[HACKERS] Custom compression methods - Mailing list pgsql-hackers

From Ildus Kurbangaliev
Subject [HACKERS] Custom compression methods
Date
Msg-id 20170907194236.4cefce96@wp.localdomain
Whole thread Raw
Responses Re: [HACKERS] Custom compression methods
Re: [HACKERS] Custom compression methods
List pgsql-hackers
Hello hackers!

I've attached a patch that implements custom compression
methods. This patch is based on Nikita Glukhov's code (which he hasn't
publish in mailing lists) for jsonb compression. This is early but
working version of the patch, and there are still few fixes and features
that should be implemented (like pg_dump support and support of
compression options for types), and it requires more testing. But I'd
like to get some feedback at the current stage first.

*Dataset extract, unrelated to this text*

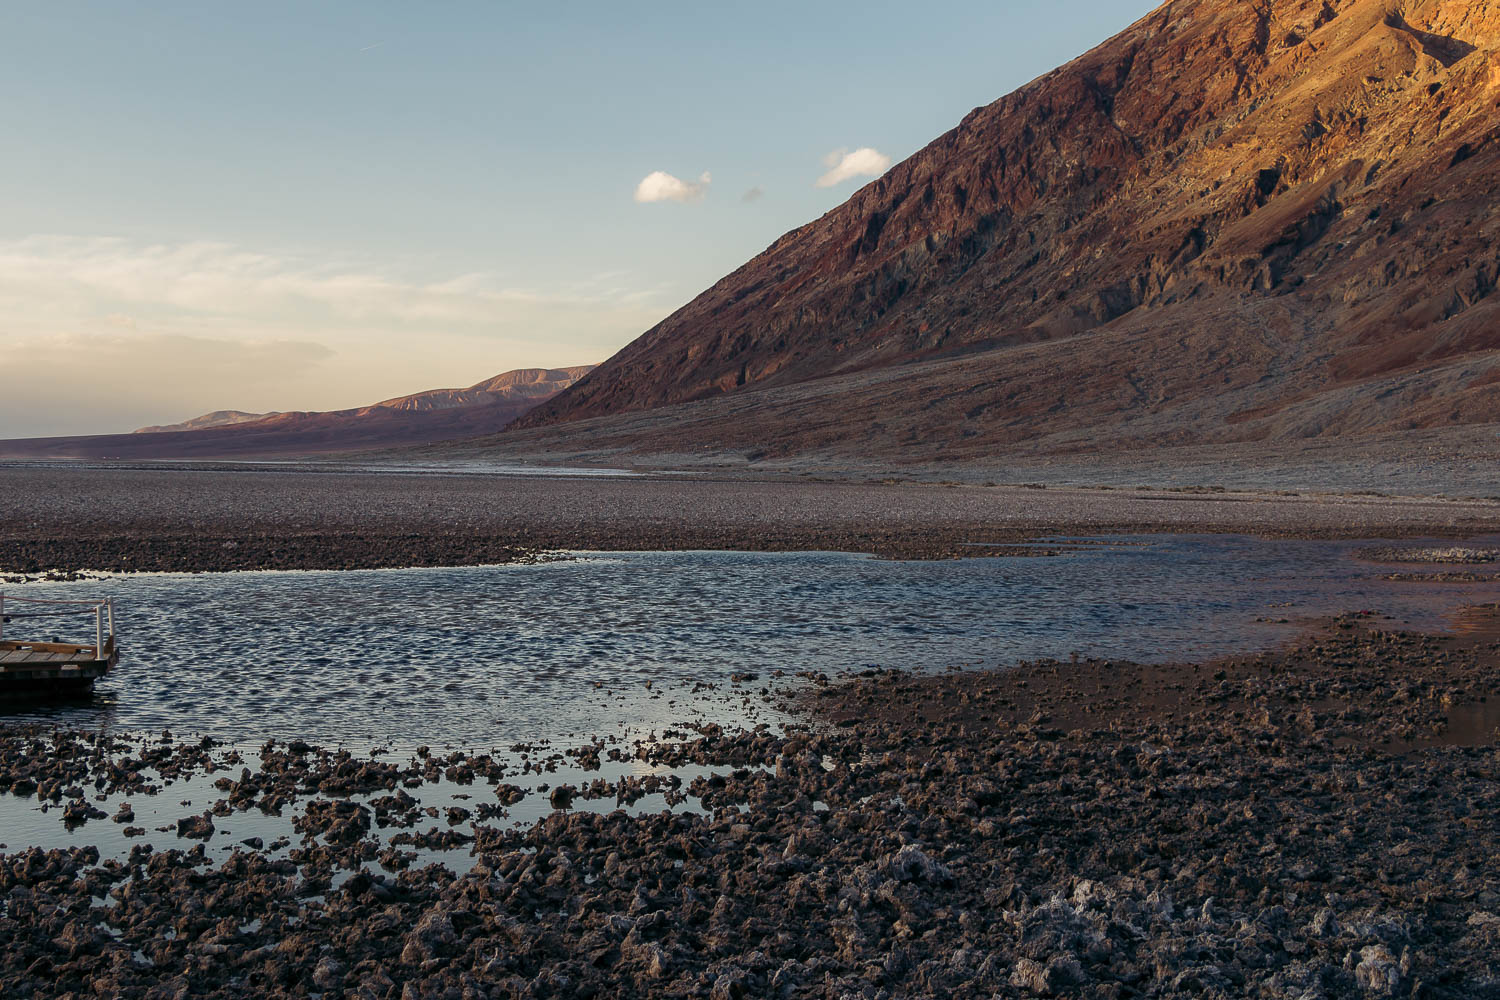 Lake Manly, a rare lake in Death Valley - Roads and Destinations

There's been a proposal [1] of Alexander Korotkov and some discussion
about custom compression methods before. This is an implementation of
per-datum compression. Syntax is similar to the one in proposal but not
the same.

Syntax:

CREATE COMPRESSION METHOD <cmname> HANDLER <compression_handler>;
DROP COMPRESSION METHOD <cmname>;

Compression handler is a function that returns a structure containing
compression routines:

- configure - function called when the compression method applied to
  an attribute
- drop - called when the compression method is removed from an attribute
- compress - compress function
- decompress - decompress function

User can create compressed columns with the commands below:

CREATE TABLE t(a tsvector COMPRESSED <cmname> WITH <options>);
ALTER TABLE t ALTER COLUMN a SET COMPRESSED <cmname> WITH <options>; 
ALTER TABLE t ALTER COLUMN a SET NOT COMPRESSED;

Also there is syntax of binding compression methods to types:

ALTER TYPE <type> SET COMPRESSED <cmname>;
ALTER TYPE <type> SET NOT COMPRESSED;

There are two new tables in the catalog, pg_compression and
pg_compression_opt. pg_compression is used as storage of compression
methods, and pg_compression_opt is used to store specific compression
options for particular column.

When user binds a compression method to some column a new record in
pg_compression_opt is created and all further attribute values will
contain compression options Oid while old values will remain unchanged.
And when we alter a compression method for
the attribute it won't change previous record in pg_compression_opt.
Instead it'll create a new one and new values will be stored
with new Oid. That way there is no need of recompression of the old
tuples. And also tuples containing compressed datums can be copied to
other tables so records in pg_compression_opt shouldn't be removed. In
the current patch they can be removed with DROP COMPRESSION METHOD
CASCADE, but after that decompression won't be possible on compressed
tuples. Maybe CASCADE should keep compression options.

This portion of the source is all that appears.